F32 grinds to a halt, slowly, usually when away, every 3-4 days

Since just before the upgrade to F32, my system has been behaving oddly. It doesn’t just hang or crash, but after I’ve been using it for several days, and usually while I’m away, which is less than 50% of the time these days, parts of the system start to disappear.

The first thing I usually notice is that BOINC isn’t running. But, sometimes that’s not the first to, but usually. The next thing to fail is the lockscreen. Sometimes the montior will not wake, but when it does I can interact but unlock fails. Then I try to login via SSH. Sometimes I cannot, no reply, but sometimes I can or it authenticates but hangs starting the shell. It seems like many subsystems are still functioning, though; no disk errors are reported after reset and sometimes I can initia a shutdown by hitting the power button, although that has never finished successfully. SysReq sometimes will show a message on the console saying SysReq is disabled.

So, it’s just some things that fail, not the whole system. And what is really weird is that there are no errors recorded. That would make sense if it was a crash or reset, but it’s not. Some other messages, like CRON, are recorded, at least for a while, but the journal seems to be one of the first casualties, too.

I’ve tried replacing all the memory and GPU. I also have been upgrading kernels, trying testing kernels and even a copr with newer kernels from upstream. The problem persists. It seems a little like hardware, but also not. For one thing, my hardware is pretty new. Also, the hardware is no more stressed when the problem occurs; it runs fine for several days. That’s unusual for a hardware thing, not to say that I haven’t see things like that before.

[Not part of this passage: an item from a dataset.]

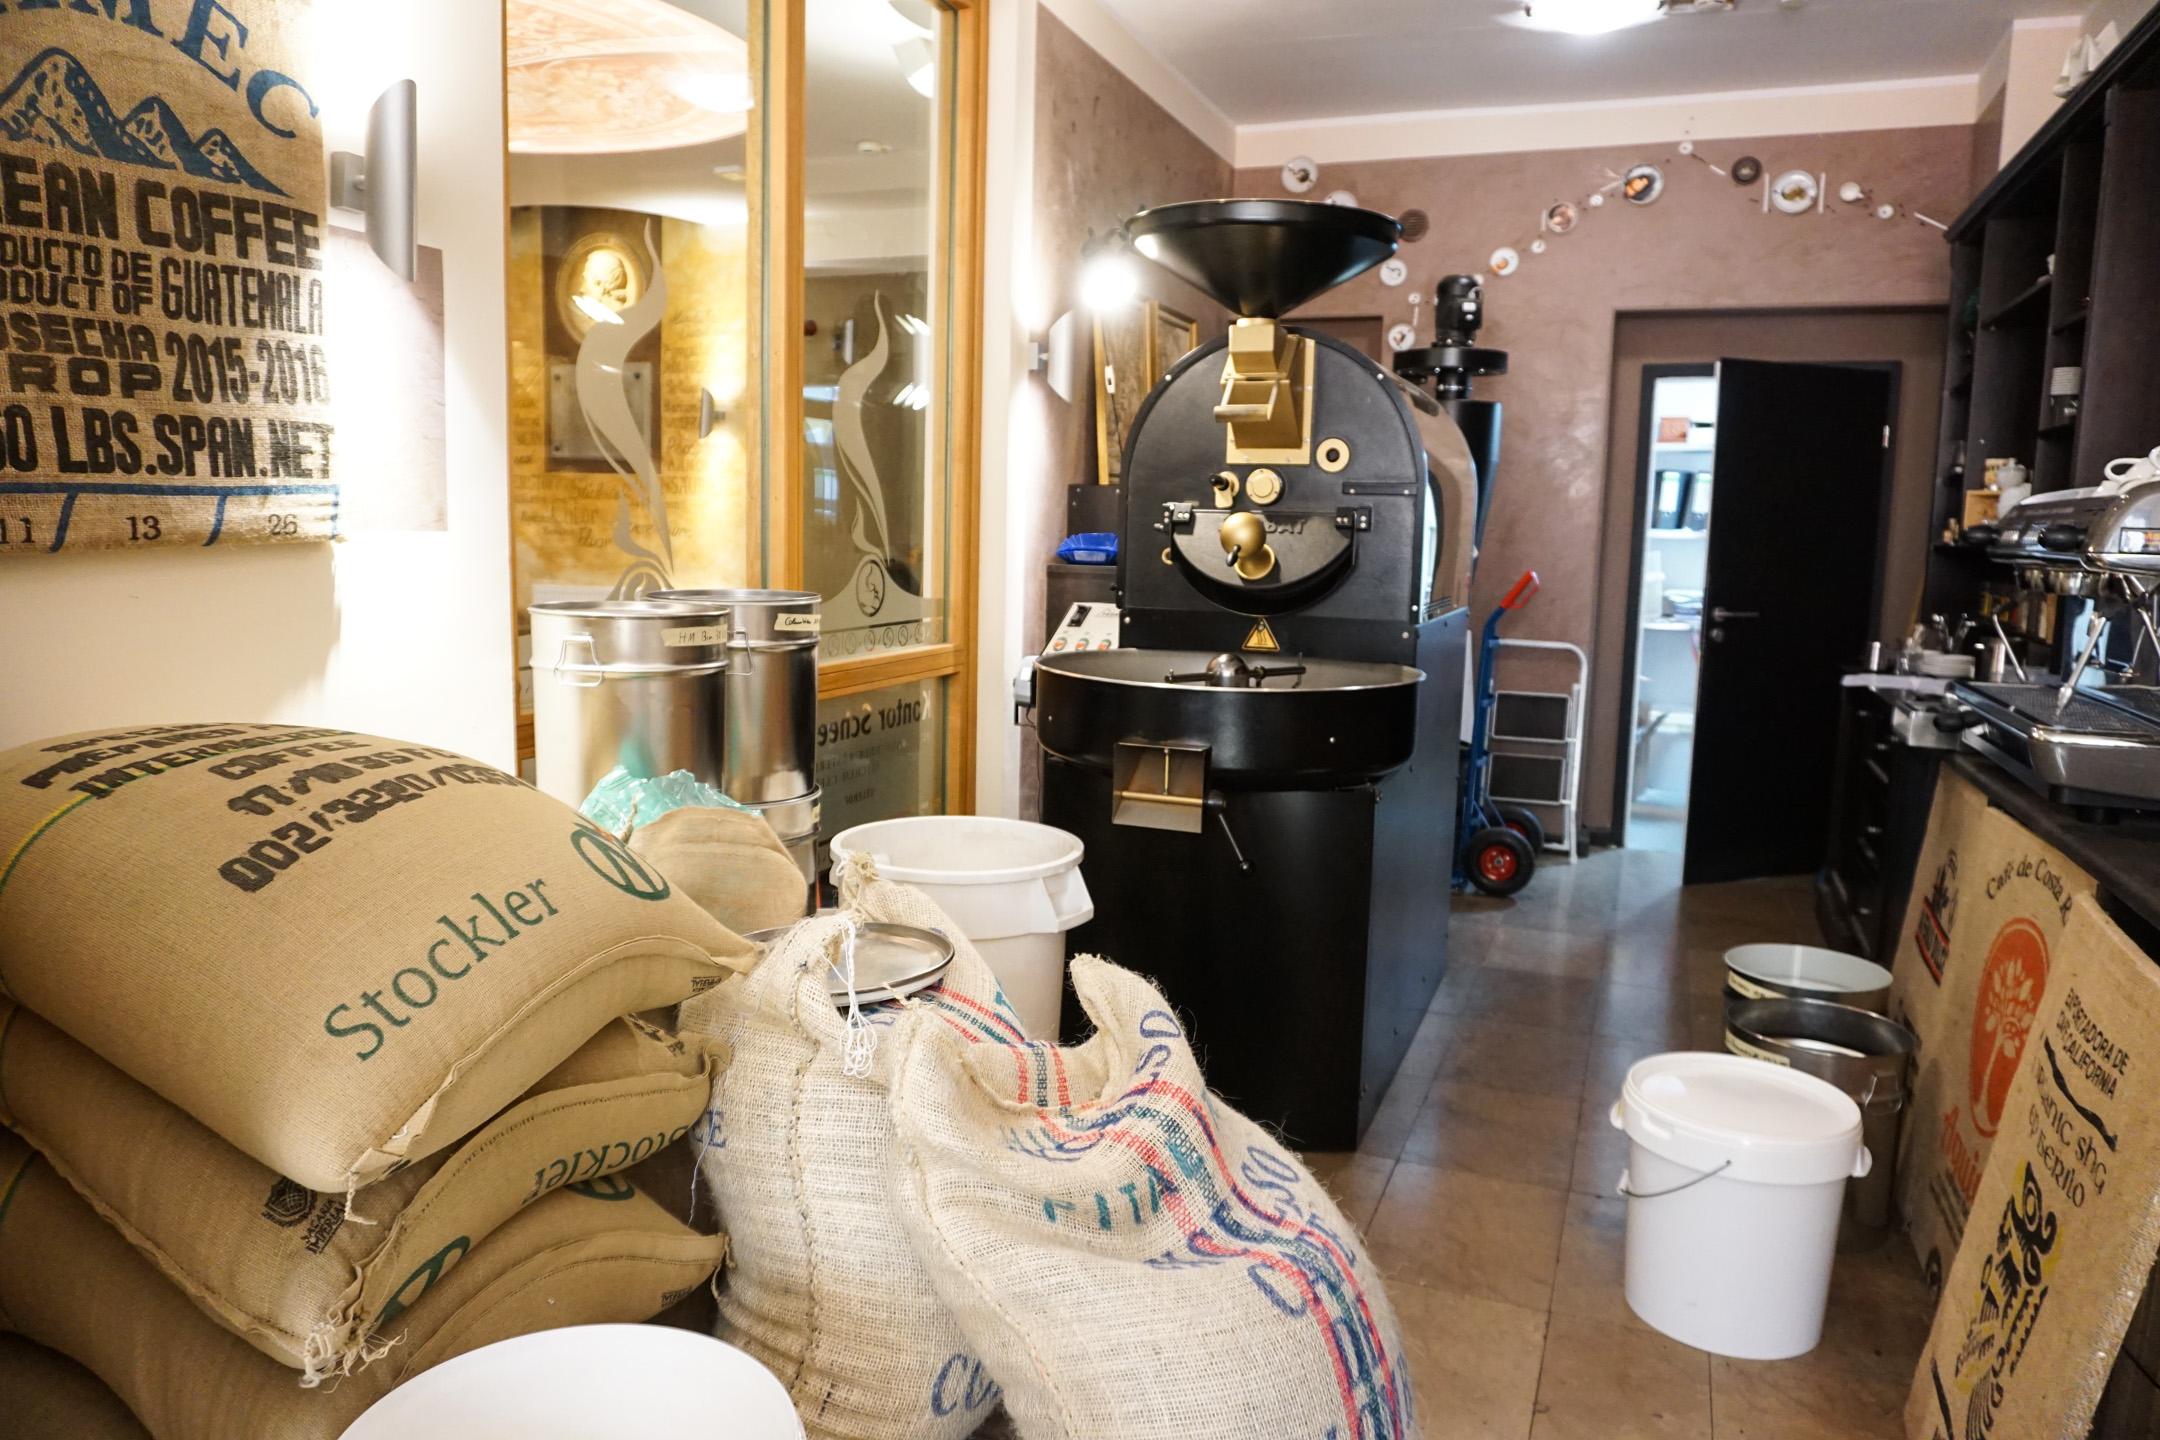 auszeit-ostsee-romantik-hotel-scheelehof-stralsund-travelblog-reiseblog-reisen-kaffeerösterei-kaffeeverkostung

I ran memtester for several loops, but I haven’t tried memtest86. Someone mentioned the memory controller, and I have all new memory modules, so it is not a particular spot of memory that is bad. Do you think memtester was a good test or should I still try memtest86?

Here is my boot log: https://paste.centos.org/view/afee842c

One thing we can eliminate is the system upgrade, because this started before it happened. My first thought is that something is either running you out of RAM, or eating up all of your diskspace. As a start, please run these two commands in a terminal and post the results here:

free -h
df

This will give me something to work on and maybe find a solution for you.

Thanks for your help!

Agreed, F32 is probably not a significant factor. I upgraded hoping it would help, but it didn’t.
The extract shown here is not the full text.